The message was delivered at FES Iberia 2025, one of the key gatherings for the energy sector, which brought together executives, developers, government authorities and industry leaders in Spain to discuss energy transition, PPAs, and emerging demand segments such as data centres. During Panel 7, titled “Boosting Demand and New Opportunities”, the focus was on the relationship between energy supply and demand and how current regulations are affecting sector growth.
In this context, González shared a striking figure: industrial energy demand has dropped by 23% over the past five years. “That means one in every four products that used to be manufactured in this country is no longer being produced,” he warns.
High prices and regulatory barriers to PPAs
According to González, soaring electricity prices are the primary cause of this decline. “It’s a basic economic law: when prices rise, demand falls,” says the AEGE director. According to AEGE’s data, current electricity prices are far above the historical average. “In the last 12 months, there have been five months where prices exceeded 100 euros per megawatt-hour, and only two months where prices slightly dipped below 50 euros. From 1998 to 2019, the average price was around 50 euros per megawatt-hour,” he explains.
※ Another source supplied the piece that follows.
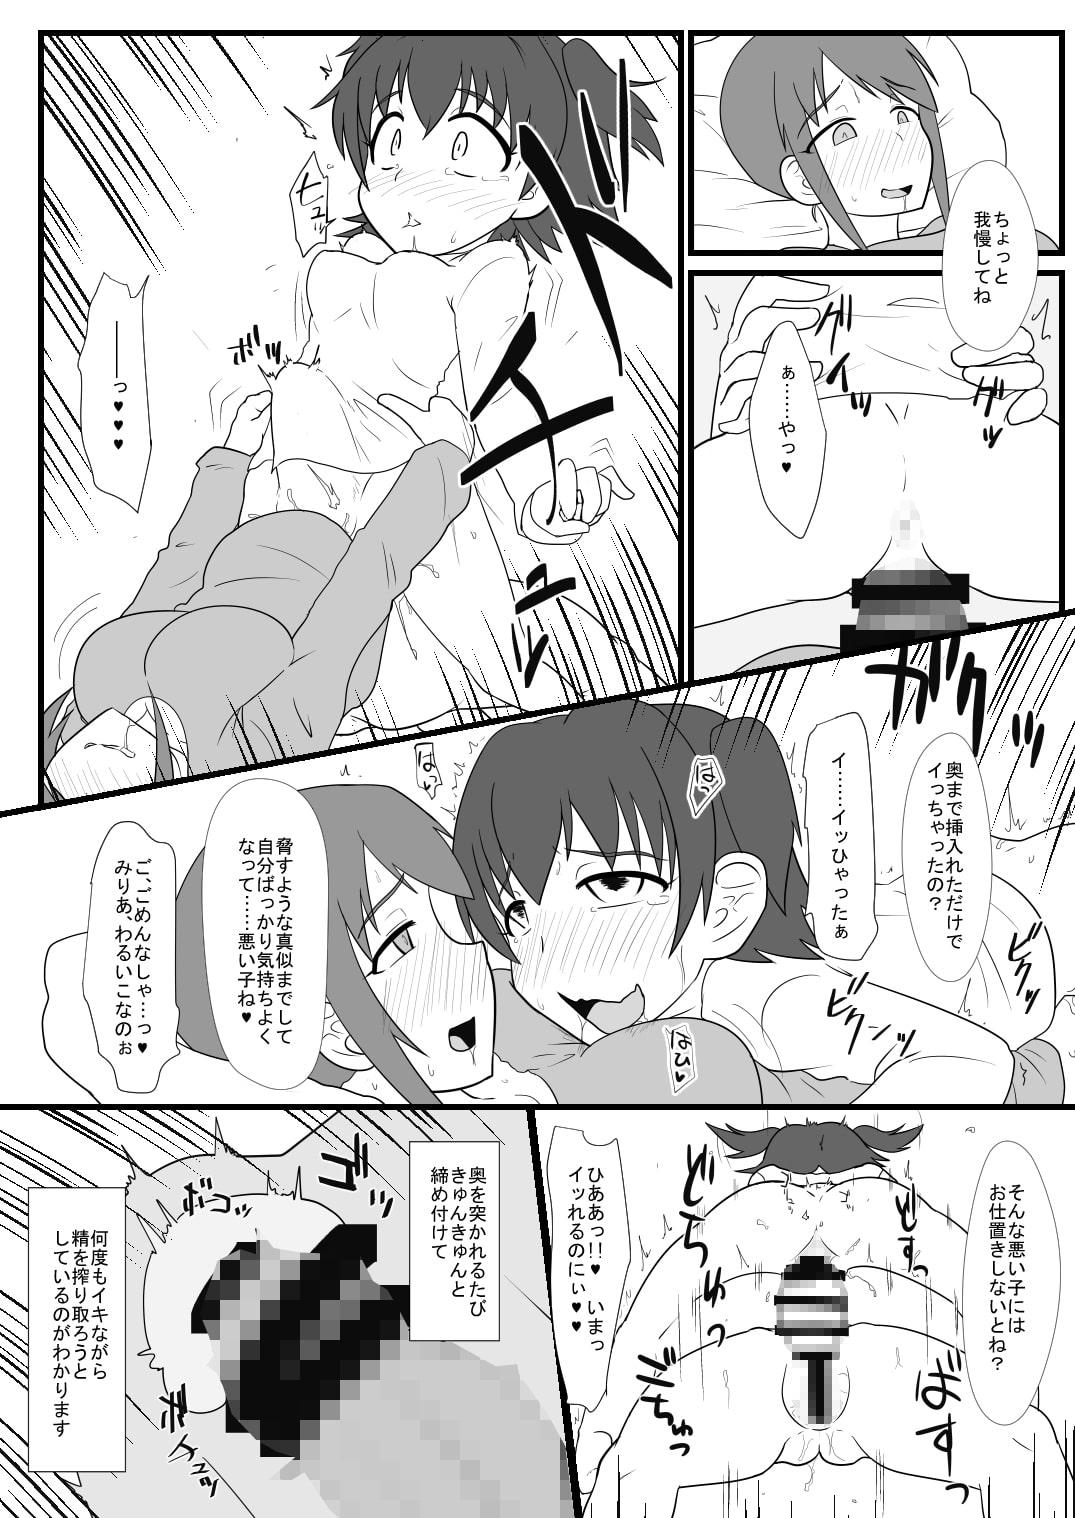 ○○○レイパーふたなりアイドル3
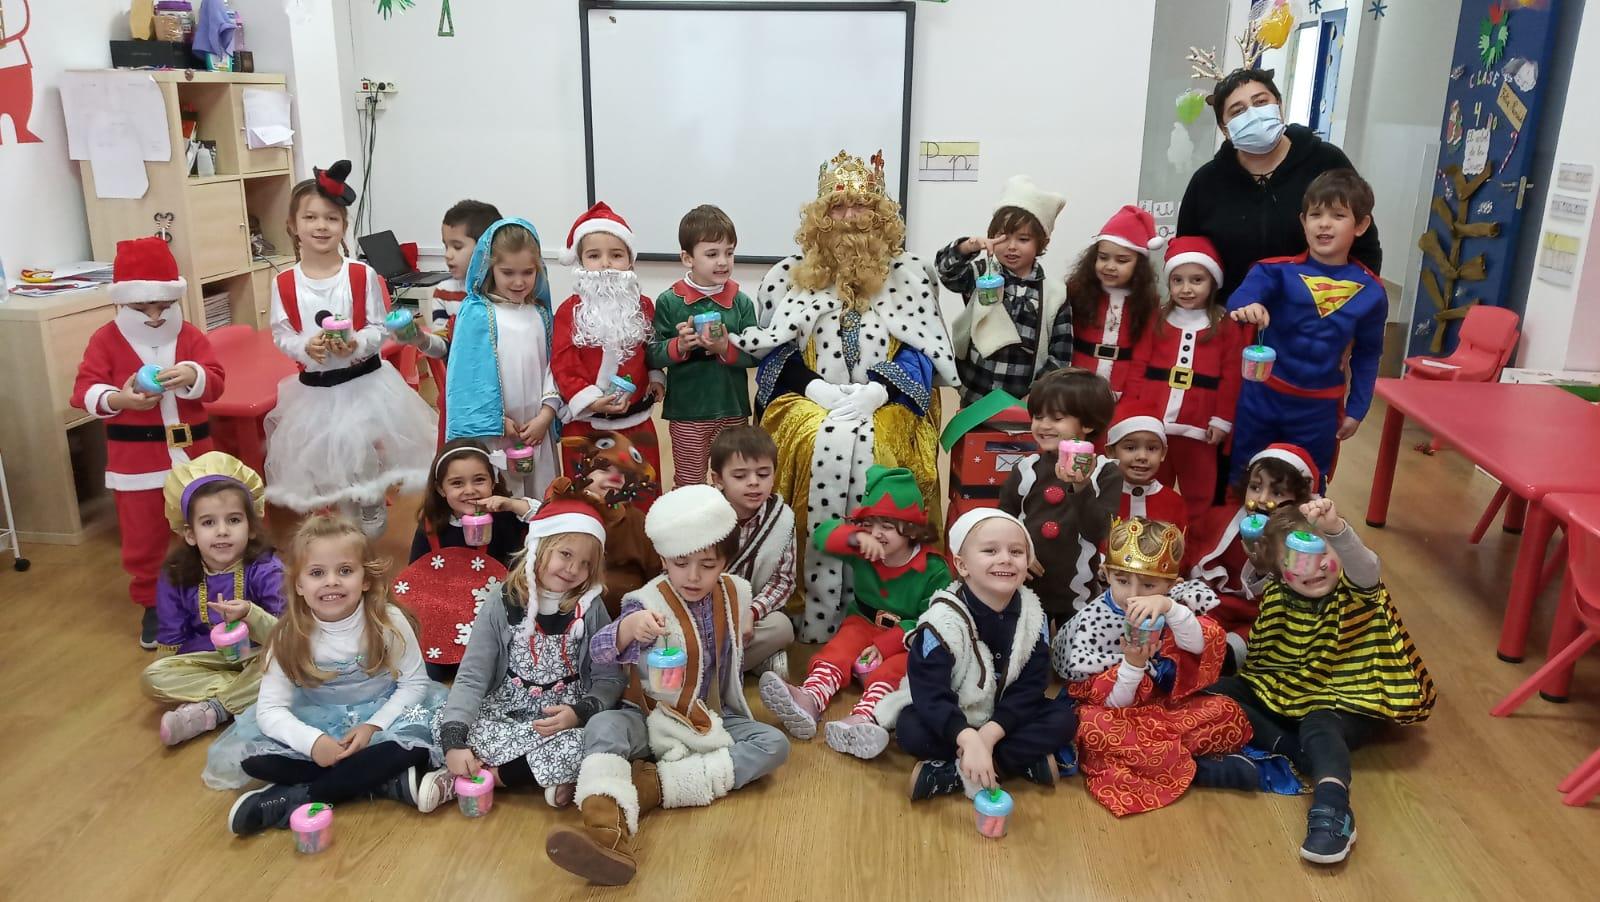 Las Escuelas Infantiles Guppy os desean una Feliz Navidad 🎄🎅🎁

“This will be the fourth most expensive year for electricity since the Spanish power market was created in 1998,” González points out, emphasising the severity of the situation for Spain’s energy-intensive industry.
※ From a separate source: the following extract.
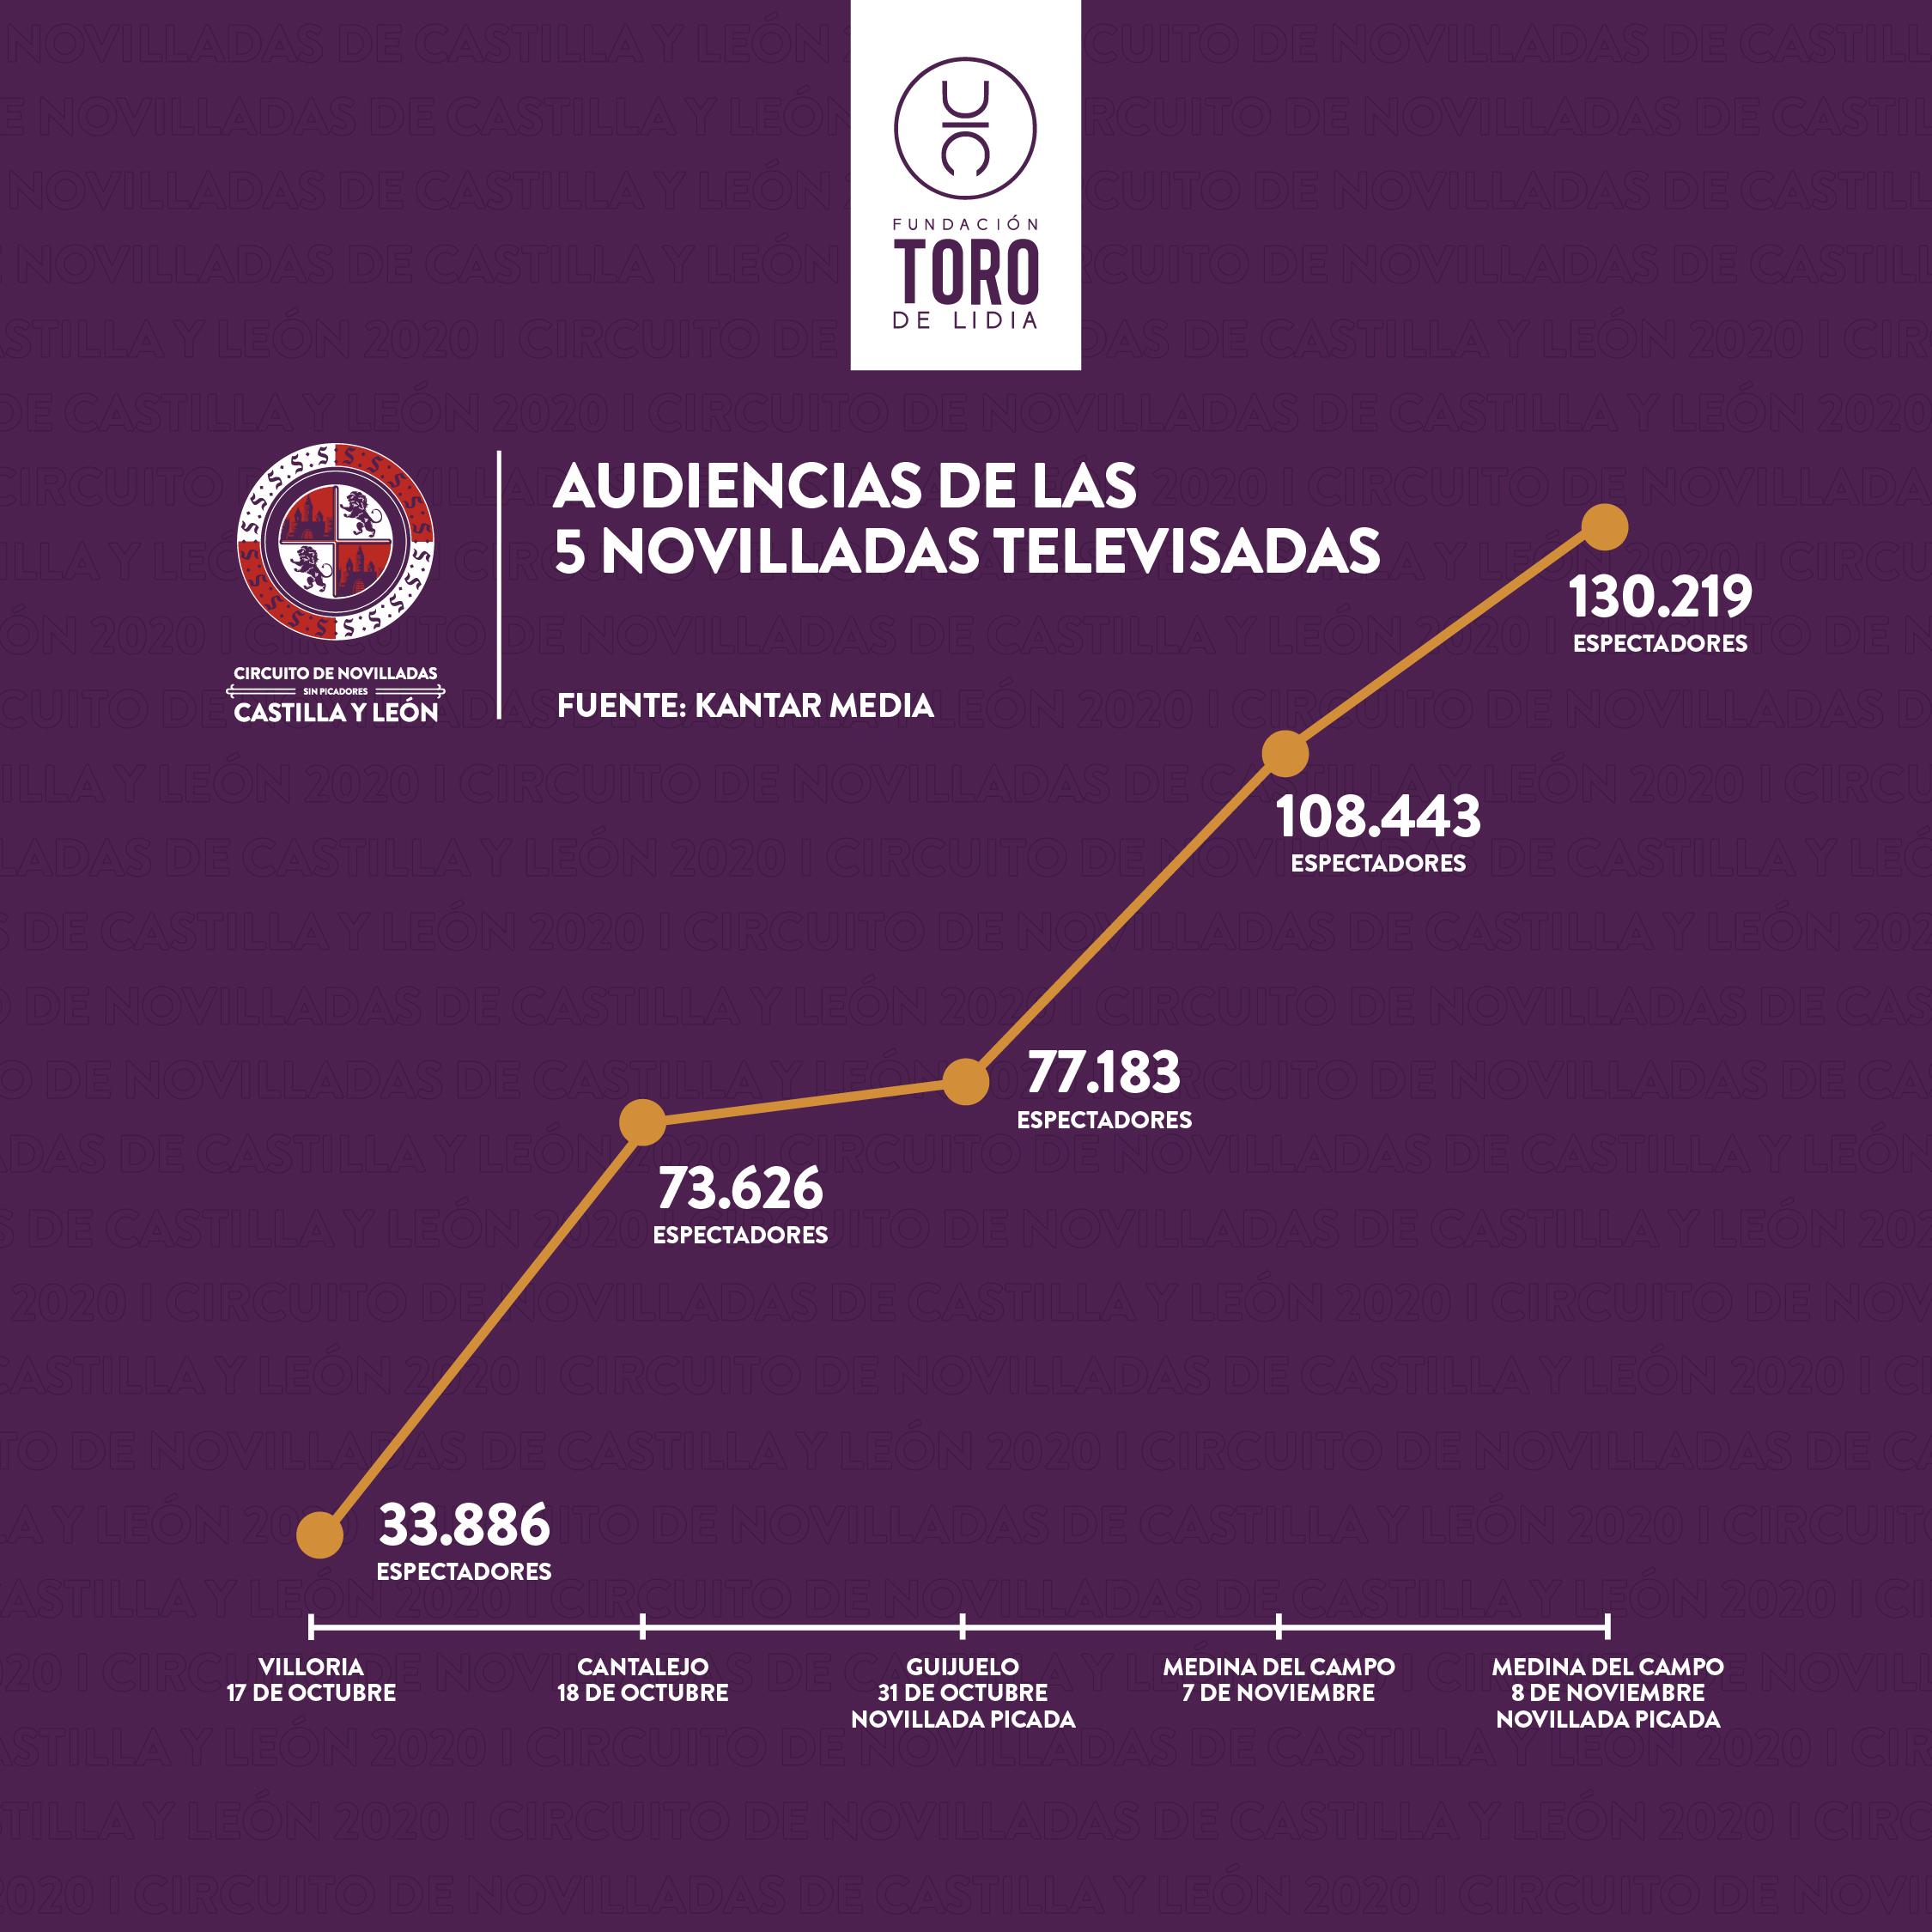 Espectaculares datos de audiencia del Circuito de novilladas de Castilla y León

In addition to pricing issues, the AEGE director highlights structural challenges, such as access to long-term power purchase agreements (PPAs). “All AEGE member industries have PPAs, but they face regulatory barriers that make optimising them difficult,” he explains.
Currently, Spanish regulation prevents companies from having more than one supplier per consumption point, which complicates the combination of renewable long-term contracts with other energy supply contracts. “We’ve been asking for this regulatory change for two years. We are told it’s in the pipeline, but we’re still waiting,” González says.
Electricity market reform and AEGE’s proposals
Another problem affecting PPAs is the market design itself, which mixes short-term price signals with long-term contracts. “I sign a 10-year contract, but then I have to pay daily balancing and adjustment services that distort the final price. In some months, these extra costs reach 20 or 30 euros per megawatt-hour,” González explains. “This does not encourage long-term contracting and generates uncertainty,” he adds.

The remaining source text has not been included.